In 1933, Basil Soulsby published his bibliography of Linnaean works.

According to Soulsby's system, a unique number is assigned to each book, to each edition, to each translation, to each altered edition and each journal article, which works for items known prior to 1931, the date of publication of Soulsby's book.

==Linnaeus Link and Soulsby numbers==

The creation of an online union catalogue of Linnaean material required that there was a common link between items held at different institutions.

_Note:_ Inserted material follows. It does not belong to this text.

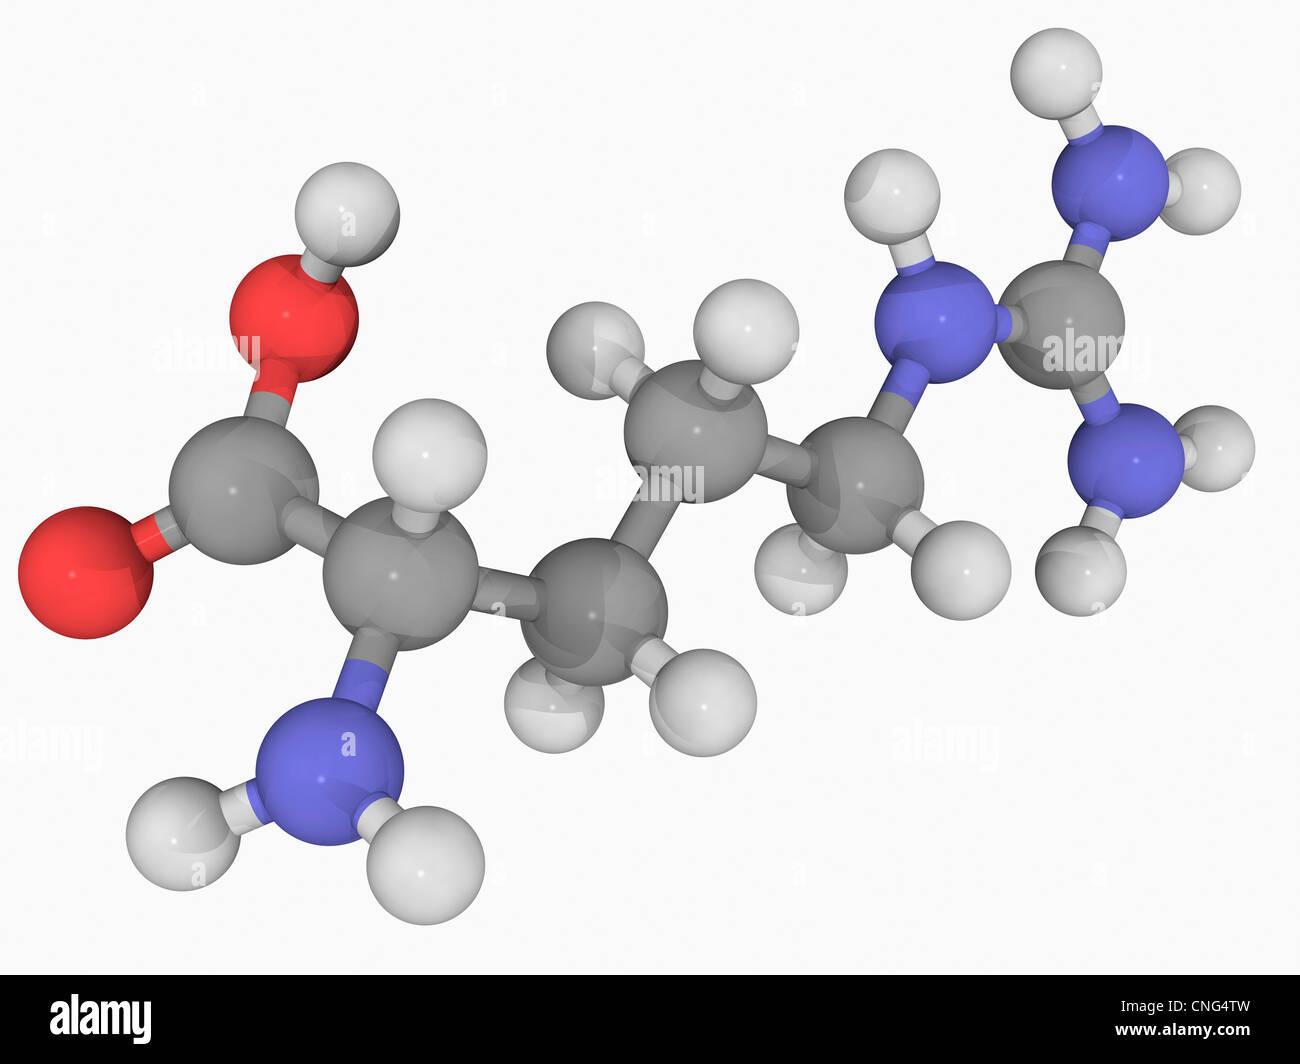 Arginin-Molekül Stockbild

The Linnaeus Link Project Team decided that the Soulsby number was the most logical link between copies.
Using the Soulsby number to identify publications allows catalogue records to be replicated by participating institutions and then altered with copy-specific details.

==Post Soulsby numbers==

There are no Soulsby numbers assigned to items published from 1931 onwards. Occasionally, it has also occurred that material published before 1931 has not been assigned a Soulsby number.

This requires assigning new or “Post Soulsby” numbers to material published from 1931 onwards or to items unlisted prior to 1931. These items are subsequently identified by a unique Post Soulsby Number.
The Post Soulsby Numbers are a sequential continuation from the last Soulsby number (number 3874). Therefore, the first Post Soulsby Number is 3875.

The assignment and recording of the Post Soulsby Number sequence is maintained by the Linnaeus Link Co-ordinator at the Linnean Society of London.